Monday, December 8, 2008

Will Monetizing the Federal Deficit Cause Inflation?

Only if we’re lucky.

I sometimes joke that the old dispute between the Monetarists and the Keynesians was resolved when the Keynesians conceded all the substantive points and the Monetarists agreed to be called Keynesians. Like most jokes, it’s not quite true. The one thing the Keynesians never conceded was the raison d’etre of the Monetarists, the Quantity Theory of Money – the idea that nominal national incomes, and ultimately prices, are determined (in some reasonably simple and predictable way) by the quantity of money. By the mid-1980’s, financial innovation had made the quantity of money in the US very hard to measure, and so the theory – whether right or wrong – became largely irrelevant. And in August 2008, it still seemed largely irrelevant.

But that has all changed in the past three months. While it is still quite difficult to measure the “true” quantity of money, it is easy to measure the quantity of base money –the money created directly by the Fed. When the quantity of base money shoots up in a way that dwarfs all prior experience, it’s fair to say that the “true” quantity of money – whatever that may mean empirically – is also rising more quickly than usual. And some monetarists, clinging to empirical relevance over the period since the 1980s, would argue that the quantity of base money is the true quantity of money.

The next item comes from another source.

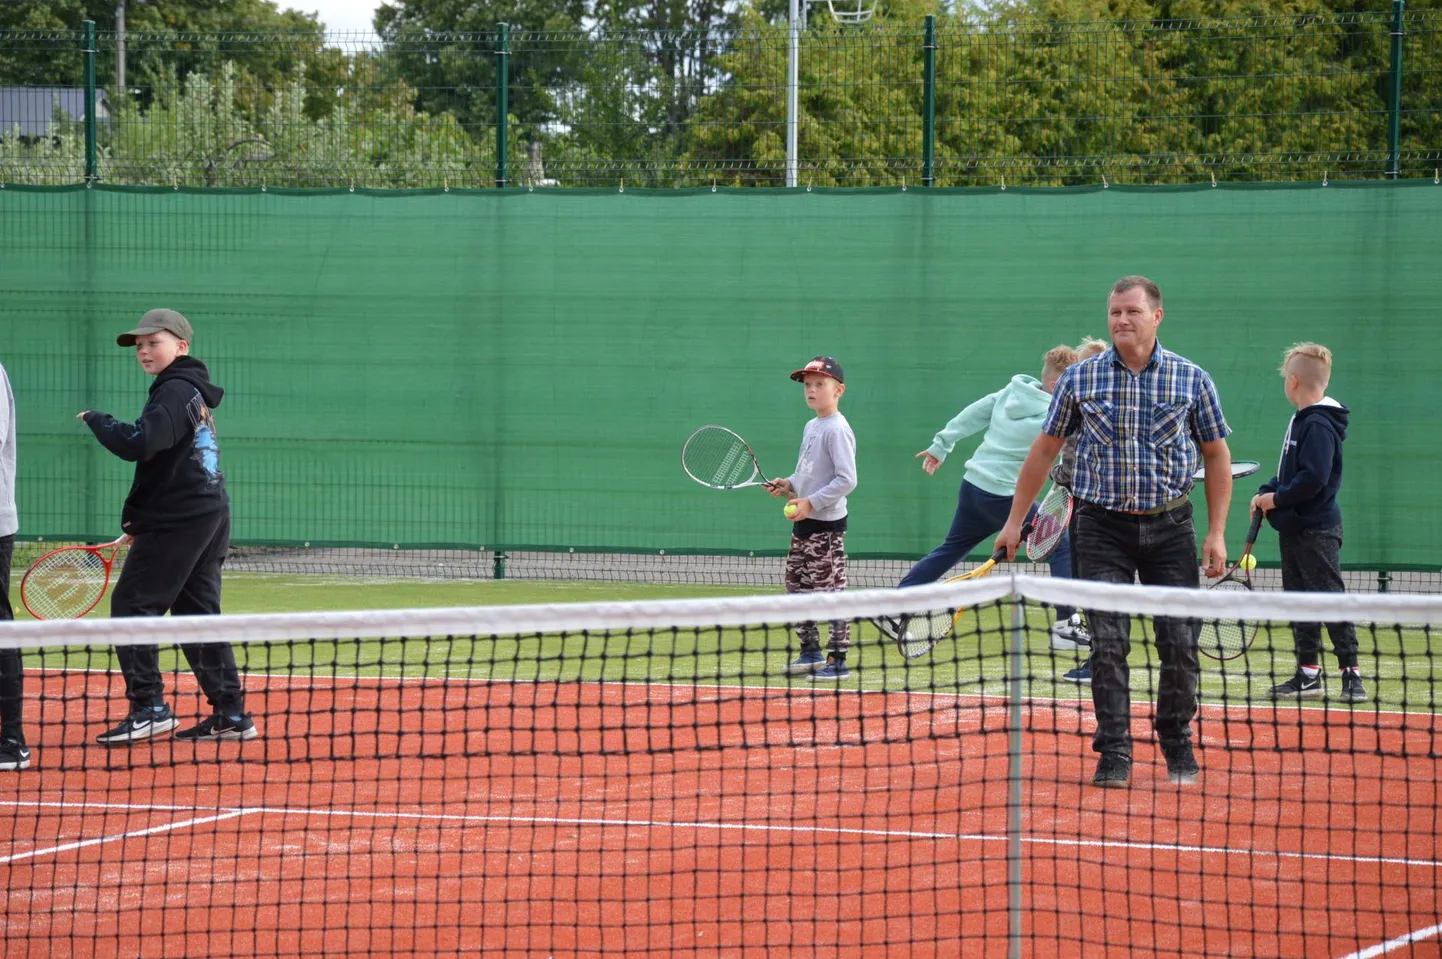 Pärnu-Jaagupis avatud uut tenniseväljakut oli sisseõnnistamas ammulaskmises maailma paremikku kuuluv Teet Tagapere, kes lubas uut spordiareeni edaspidigi külastada.

If this latter group is right – both about the validity of the Quantity Theory and about using base money as the true measure – then we are in for one hell of an inflation. Fortunately (or, alas, perhaps unfortunately) they’re wrong. At least I’m convinced they’re wrong. But let’s examine what has happened. On September 1, the monetary base was $846 billion. On December 1, it was $1.483 trillion. As an annualized rate of increase, that would come to more than 800%. It’s an increase of $637 billion, enough to finance the whole federal deficit for fiscal year 2008, cut every household in America a $1000 check, and have plenty left over for everyone in Washington to spend on whores and liquor – and I’m talking Glenfiddich and Ashley Dupré here.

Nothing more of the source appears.